To check the mapping type, rather than assuming it is correct. custom Field Mappings
The most important field parameter in a map is type. In addition to string-type fields, you may rarely need to map other types:
{
' number_of_clicks ': {'
type ': ' Integer '
}
}
String type fields, which, by default, take into account the full text, their values are parsed before indexing, and the query statements are parsed before the Full-text search for this field.
For string fields, the two most important mapping parameters are index and Analyer. Index
The index parameter controls how the string is indexed. It contains one of the following three values: value interpretation analyzed first parse the string and then index. In other words, this field is indexed in full-text format. not_analyzed Index This field so that it can be searched, but the index content is the same as the specified value. This field is not parsed. No does not index this field. This field cannot be searched for.
The String Type field default value is analyzed. If we want to map the field to an exact value, we need to set it to not_analyzed:
{
"tag": {
"type": "string",
"index": "not_analyzed"
}
}
Other simple types--long, double, date, and so on-also accept the index parameter, but the corresponding value can only be no and not_analyzed, and their values cannot be parsed. Analysis
For string fields of type analyzed, use the analyzer parameter to specify which parser will be used when searching and indexing. By default, Elasticsearch uses the standard parser, but you can change it by specifying a built-in parser, such as whitespace, simple, or 中文版.
{"
tweet": {
"type": "string",
"Analyzer": "中文版"
}
}
In the "Custom Analyzer" section we will show you how to define and use a custom parser. Update mappings
You can specify the type of mapping the first time you create an index. In addition, you can add mappings for new types later (or update mappings for existing types). Important
You can add a field to an existing map, but you can't modify it. If a field already exists in the map, this may mean that the data for that field has already been indexed. If you change the field mappings, the data that has been indexed will be wrong and cannot be searched correctly.
We can update a map to add a new field, but we can't change the type of the existing field from analyzed to not_analyzed.
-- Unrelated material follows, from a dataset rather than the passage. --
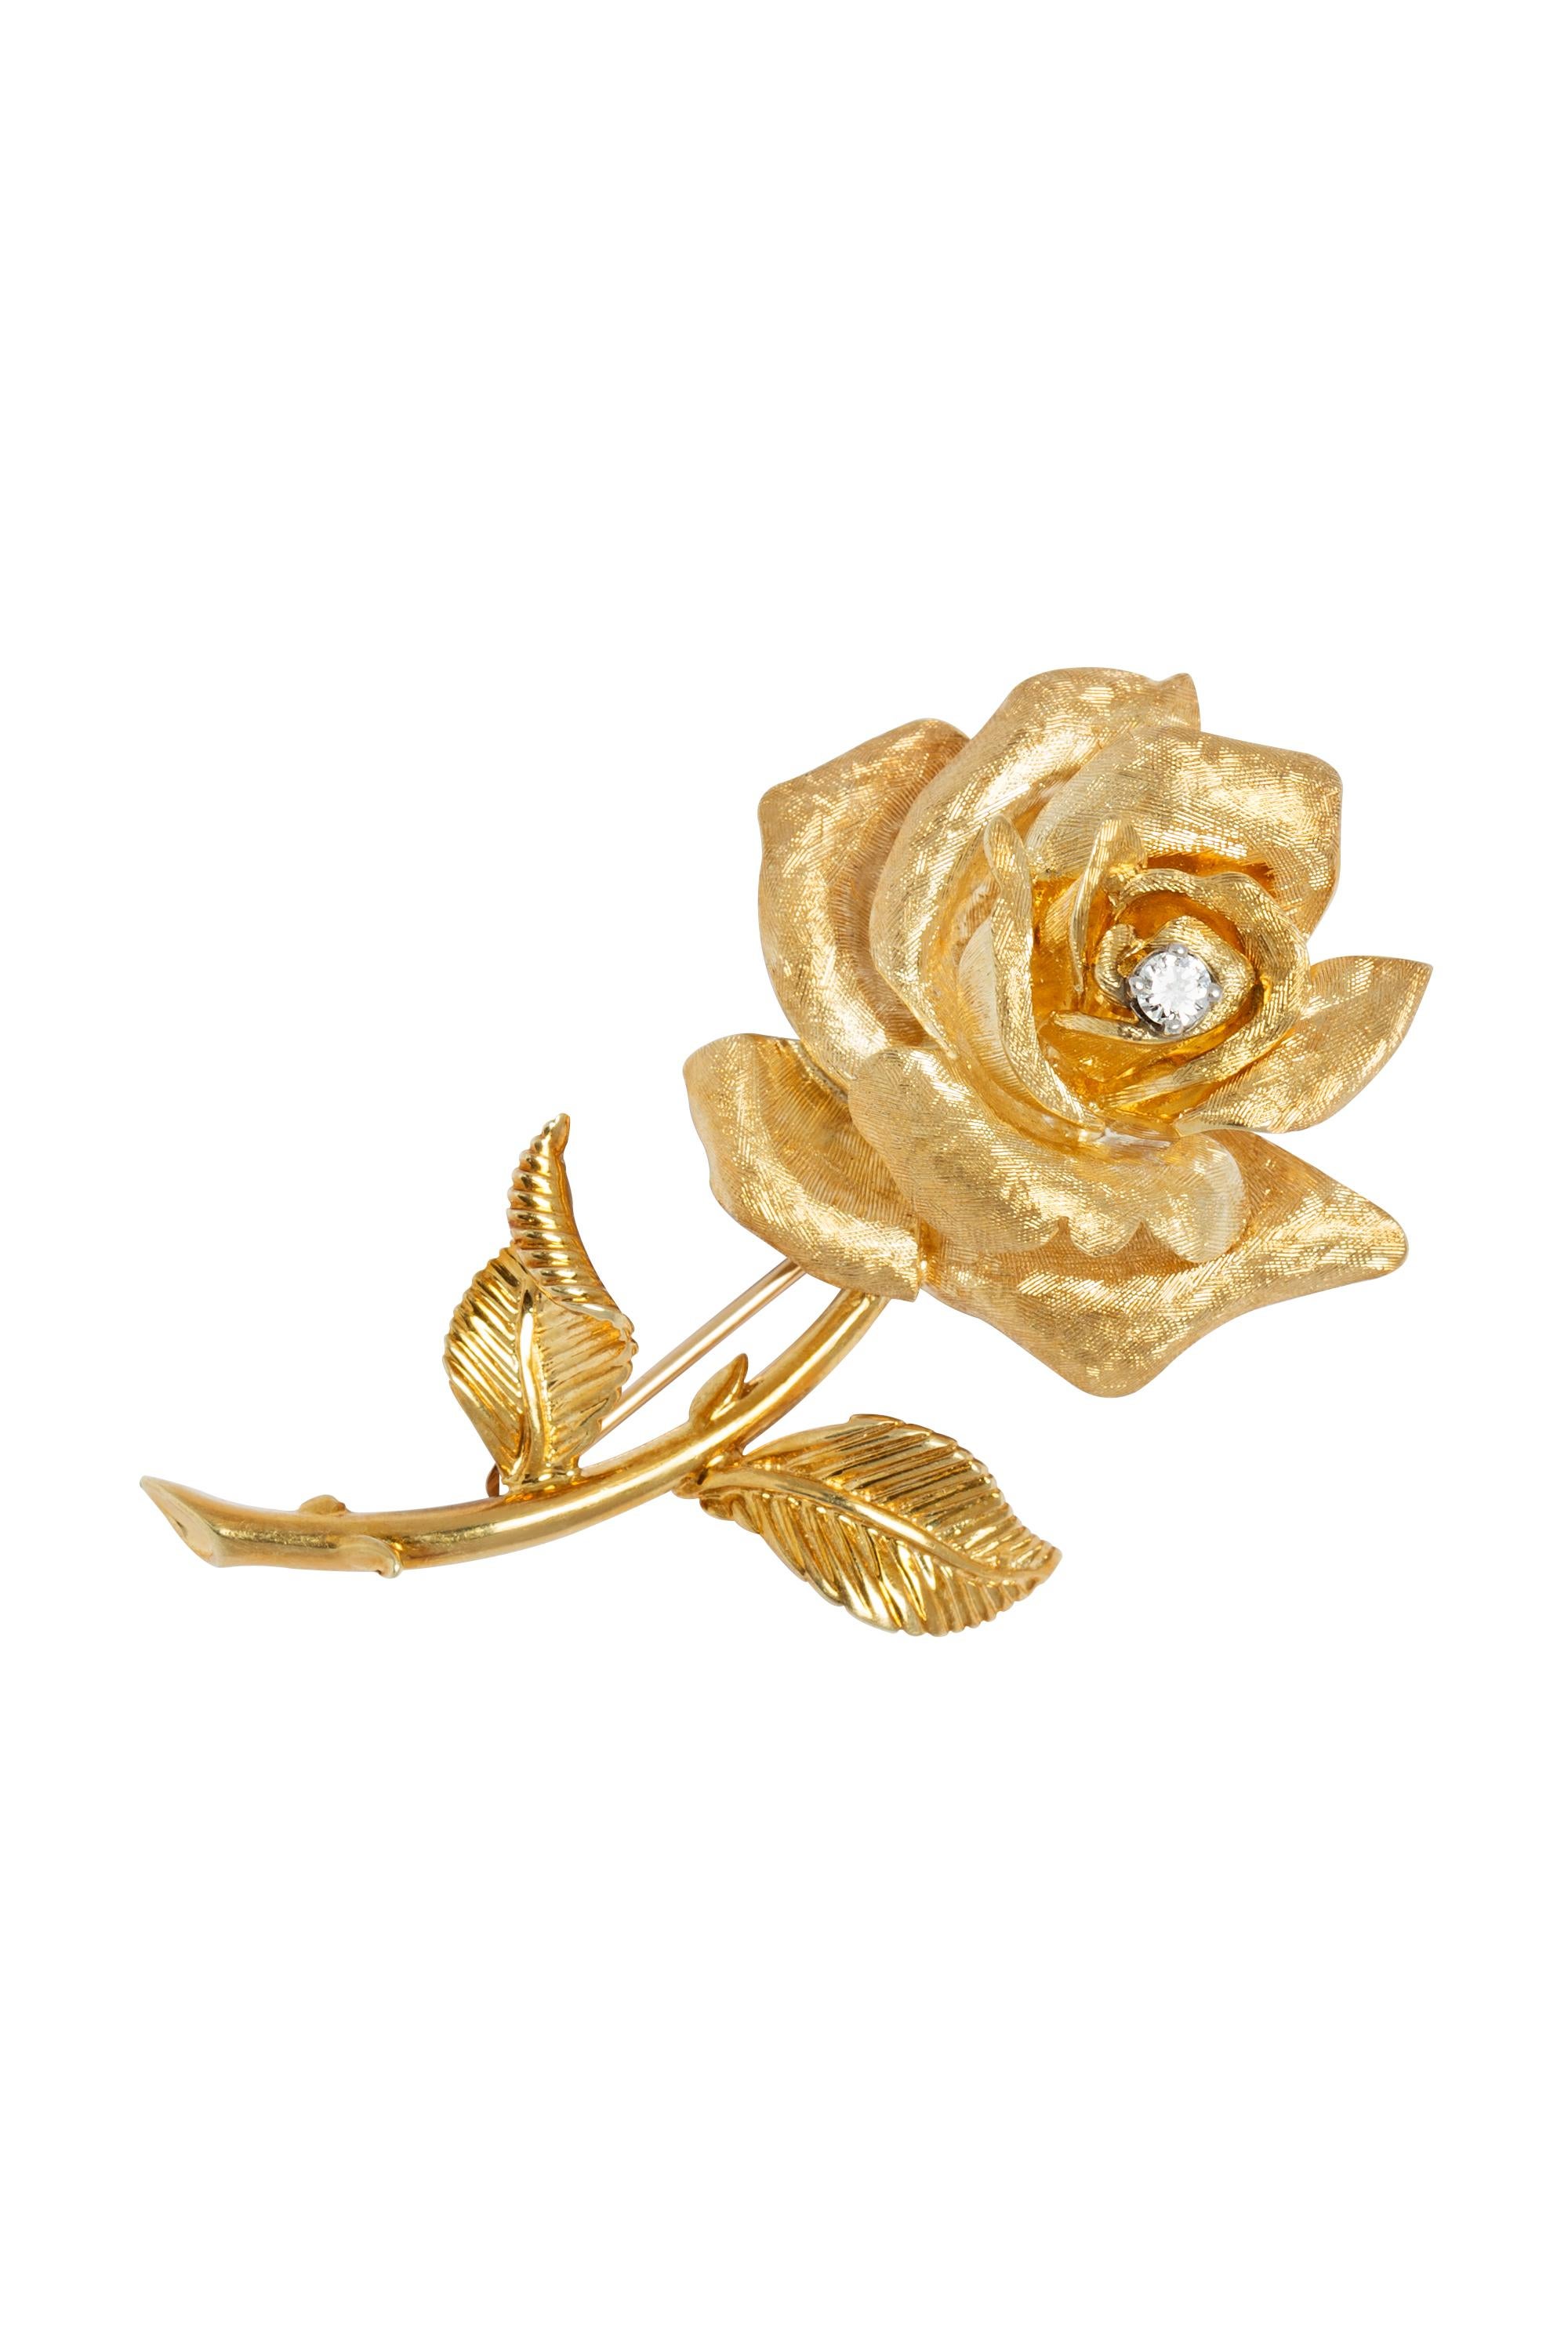 The perfect rose. This beautifully rendered brooch features a softly shimmering textured and sculpted rose atop a stem of ribbed gold leaves. At the heart of the rose is a sparkling round brilliant diamond weighing approximately 0.15 carats. The

To illustrate the two specified mapping methods, let's first delete the index GB:
Delete/gb
Then create a new index that specifies that the parser for the tweet field is 中文版:
PUT/GB <1>
{
"mappings": {"tweet": {"
Properties": {"
tweet": {"
type": "string" ,
"Analyzer": "中文版"
},
"date": {
"type": "date"
},
"name": {
"type": ' string '
},
' user_id ': {
' type ': ' long '
}}}}
<1> This will create an index containing mappings, which is specified in the request body.
Later, we decided to add a new not_analyzed type of text field, called tag, using the _mapping suffix in the tweet map:
Put/gb/_mapping/tweet
{"
properties": {"
tag": {
"type": "string",
"index": " Not_analyzed "}}}
Notice that we no longer need to list all the existing fields because we cannot modify them. Our new field has been merged into the existing mapping. Test mappings
You can use the Analyze API to test the mapping of string fields by name. Compare the output of these two requests:
Get/gb/_analyze?field=tweet
black-cats <1>
get/gb/_analyze?field=tag
black-cats <1>
<1> the text we want to analyze is placed in the request body.
The tweet field produces two words, "black" and "cat", and the tag field produces a single word "black-cats". In other words, our mapping works fine.